Maybe your project could also support alternate identifiers (defined aliases) written in alternate scripts, by using an internal registry of these equivalences (but for now Translatewiki.net does not have a way to be aware of these equivalences and recognize aliases (even if there's a limited support by using redirects for wiki page names where these identifier aliases may be mapped to).

Verdy p (talk)07:26, 11 February 2022

Thank you for the explanation.

Anyway, for search purposes, it is best to use English. However, sometimes I may need to change the message ID if there is an error. however, there seems to be a function in translatewiki to automatically search for similar phrases, so maybe changing the message ID won't cause too many problems.

Kanashimi (talk)12:20, 11 February 2022

Yes there's such function, however contact the site admins for details, I've not used it but I've seen that there's some known issues and ways to do that correctly.
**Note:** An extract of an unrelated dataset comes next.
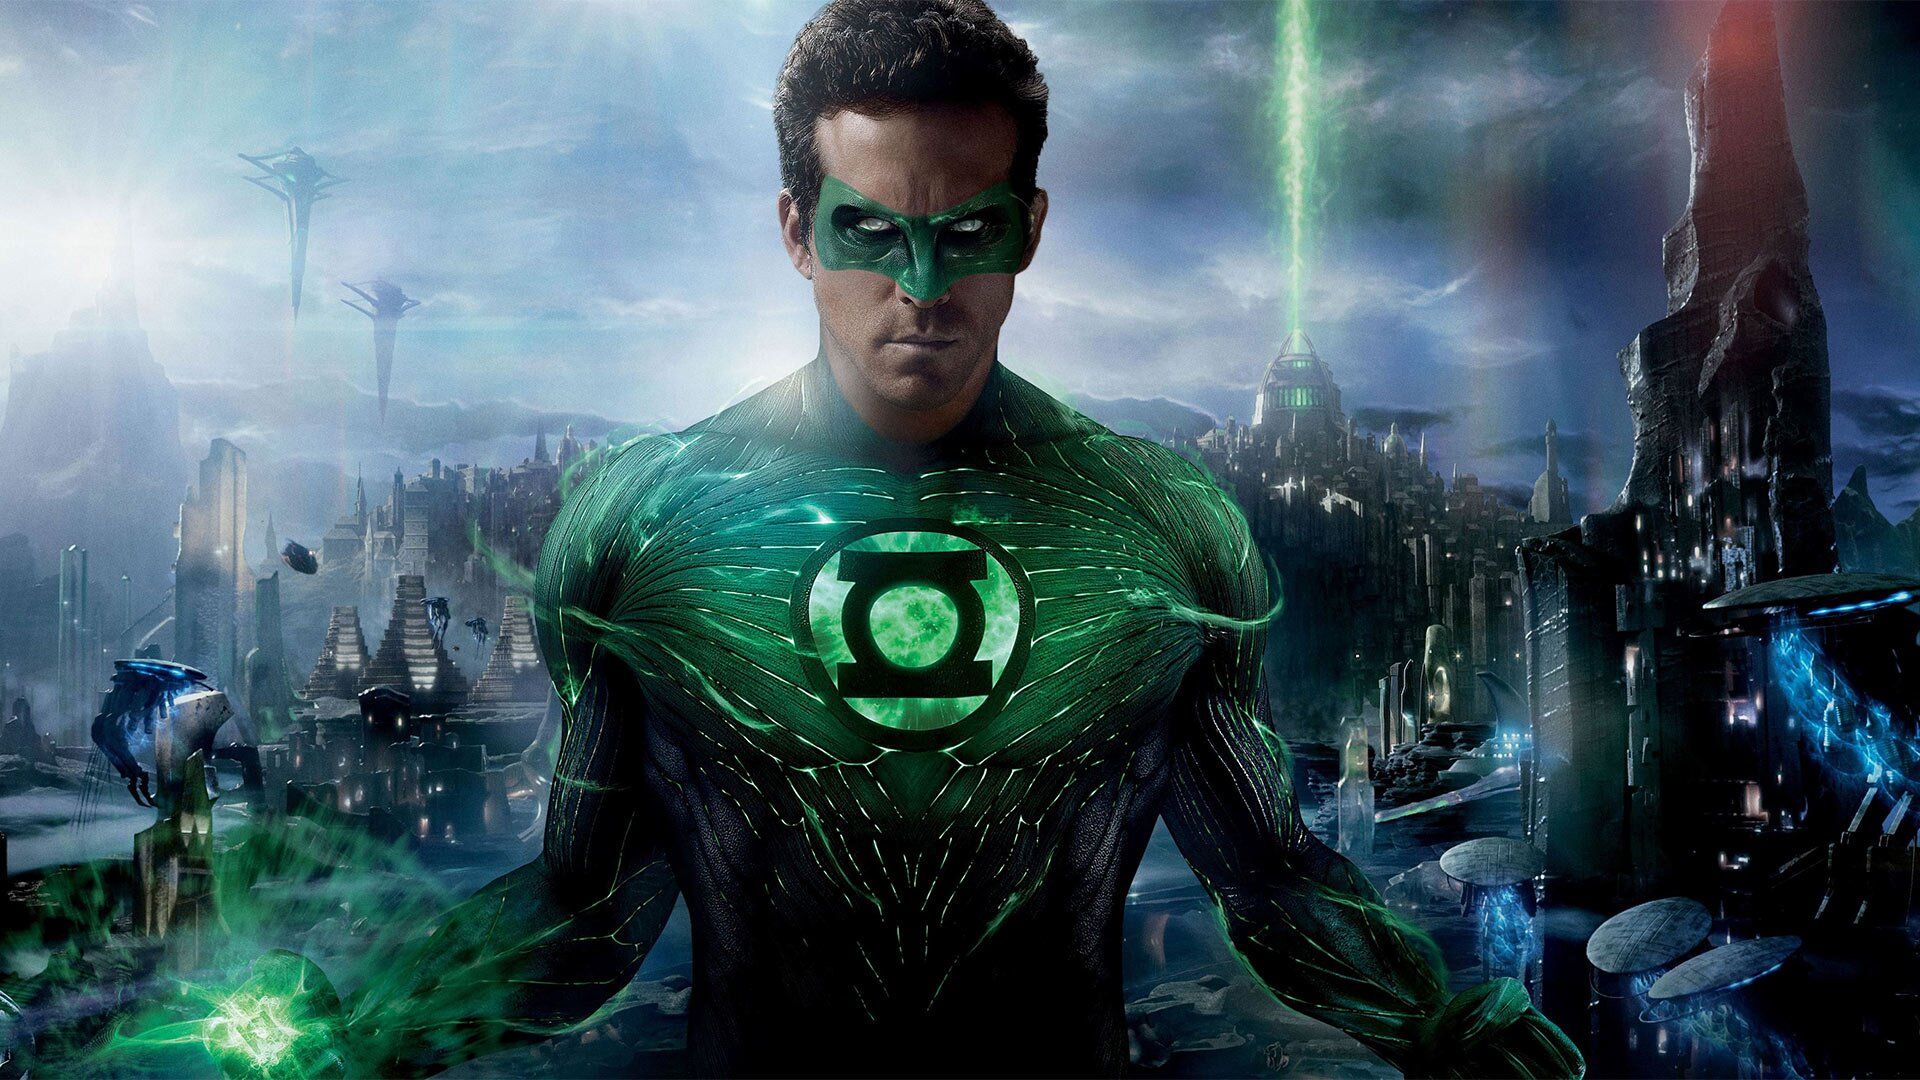 Ryan Reynolds Watches Green Lantern For First Time And Live Tweets Experience

Noite that for now, when a message gets renamed or when the message group is splitted into two separate ones, the moved messages may need to be reviewed again, causing additonal work for translators. I've seen a few phabricator tasks about this.

Verdy p (talk)15:11, 11 February 2022
 

If you only change a message key, and keep the message content identical, then our system automatically suggests to rename it with all the translations. This is reviewed by translation admin. On next export, all languages will updated with the renamed key.